Session Information
Contribution
Description: In recent years in Australia, the United Kingdom, Europe, North America and elsewhere, there has been an increase in literature problematising research 'on' and 'about' people who have different ethnic and racial identities from researchers (for example, Haig-Brown, 2001; Hammersely 1998; Tuhiwai-Smith, 2001) . Given that classrooms worldwide are becoming increasingly ethnically and culturally diverse (Achinstein and Athanases, 2005; Ball, 2000; Chong, 2005; Hagan and McGlynn, 2004; Pearce, 2003) what are the implications for white educational researchers from hegemonic mainstream cultures conducting ethnographic research with participants from minority cultures? How can researchers, most of whom are white and members of the hegemonic 'mainstream' really understand the perspectives of research participants with whom they have so little in common in terms of lived experience? Schultz suggests that 'representing other people's perspectives, especially those people who are categorically different from me, is at best complicated if not impossible, and, at worst, unethical" (2001, p.4). How is the power imbalance between researcher and researched inherent in most research relationships, complicated by the notion of research as inextricably linked with imperialism, colonisation and 'othering'?
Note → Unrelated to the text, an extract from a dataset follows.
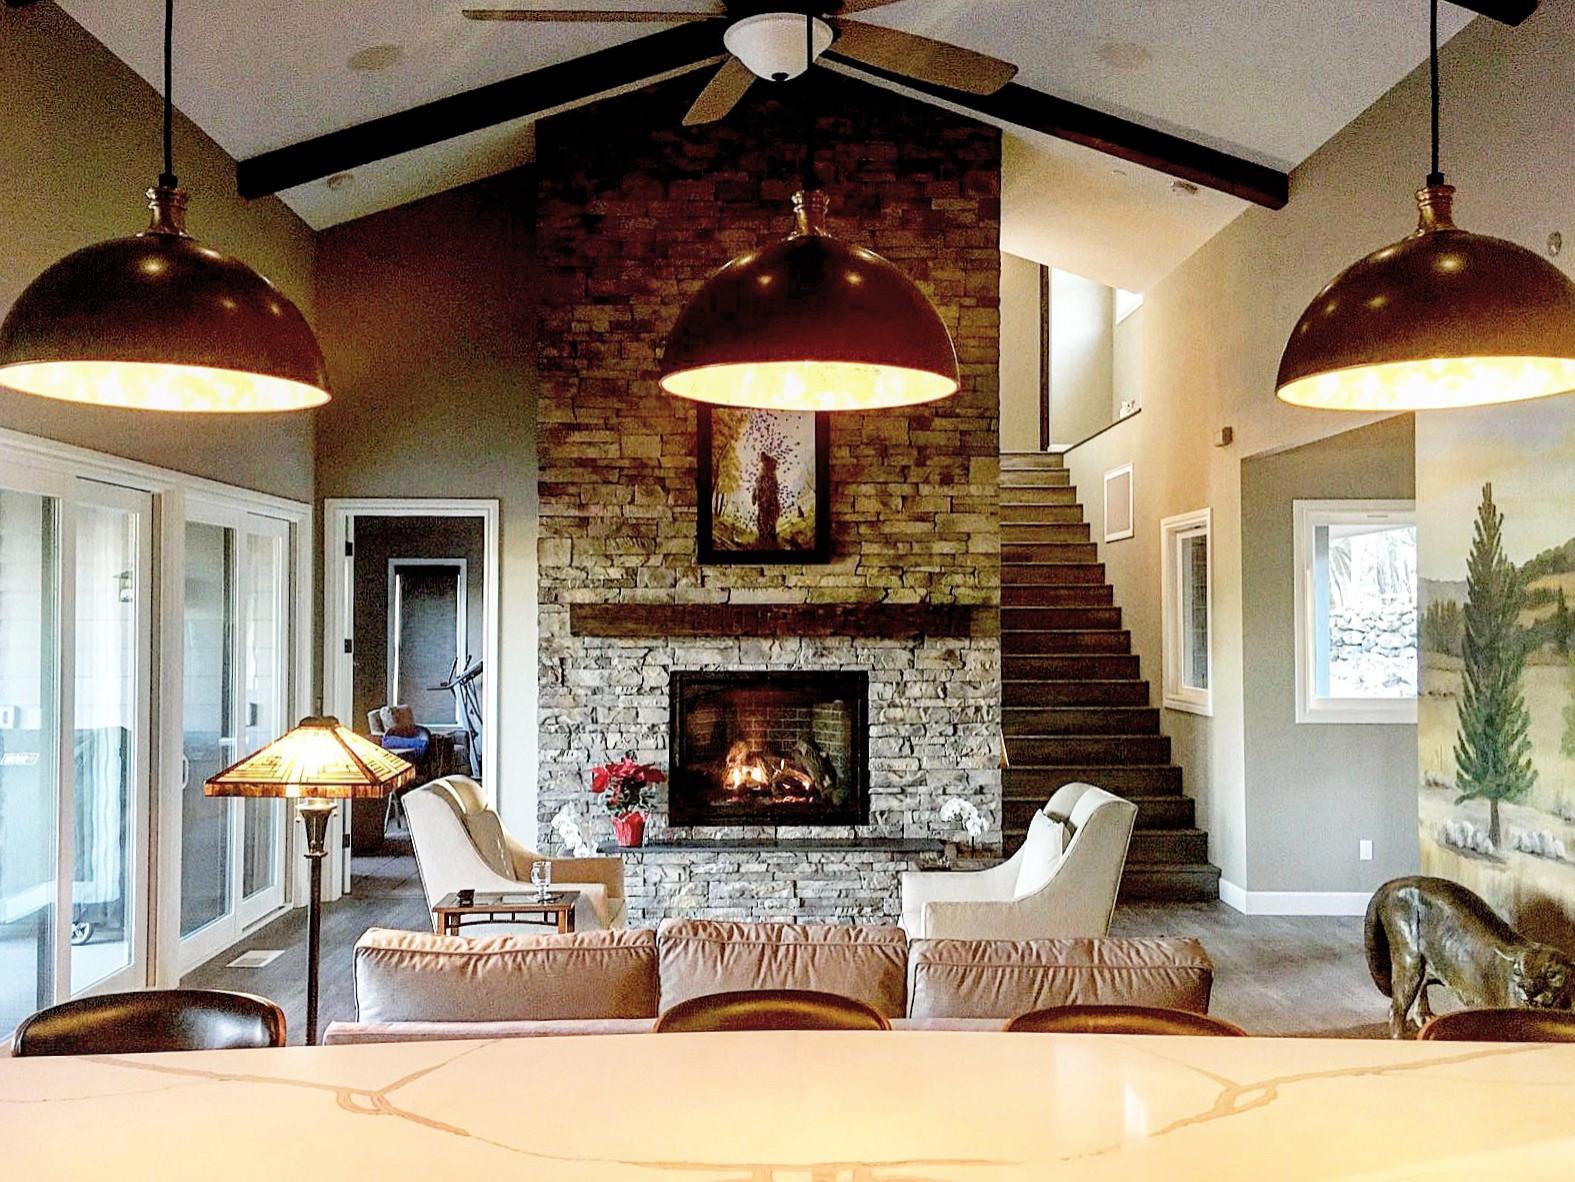 Home Sweet Home Living Room in Santa Rosa

Methodology: In this paper we draw upon our experiences as white researchers engaged in ethnographic research that explores the experiences of teachers who do not inhabit the majority cultures in Australia and Scotland. We use data from our respective projects, to discuss and illustrate the tensions and contradictions of establishing research partnerships, collecting and analysing data in contexts where the researchers are 'cultural outsiders'. Indigenous teachers in Australia: Understanding their Professional Pathways and Career Experiences is an Australian Research Council project that that brings together a team of Indigenous and non-Indigenous researchers to explore the experiences of Indigenous teachers in Australian schools and some of the reasons for the under-representation of Indigenous people in the teaching profession. . It comprises 3 sections; a case study of fifty Indigenous former and current teachers; a 3-year longitudinal study of graduates beginning their teaching careers and a demographic 'snapshot' of Indigenous student teachers enrolled in Australian pre-service teacher education programs in 2004. . Refugees Into Teaching in Scotland is a project part-funded by the Scottish Executive Education Department. The research strand of the project works with recently arrived refugees in Scotland who were teachers in their country of origin and aims, through interviews over a two year period, to investigate the range of teaching experiences among the group and to establish the key differences in systems, pedagogies and curricula between Scotland and the country of origin.
Conclusions: We argue that a significant aspect of researching in such contexts is the need for the research to operate on anti-racist principles and establish trust and negotiate identities. This requires researchers to be at the heart of the methodology employed in order to guard against the data being used by the powerful to condescend to the less powerful. It is vital therefore to go beyond the immediately voiced perspectives and experiences of those being researched, to turn our gaze inwards and to interrogate our roles as researchers in an attempt to collaboratively interpret the data with the respondents. In this paper we aim to provide some guiding principles for such research at both the data collection and analysis stages.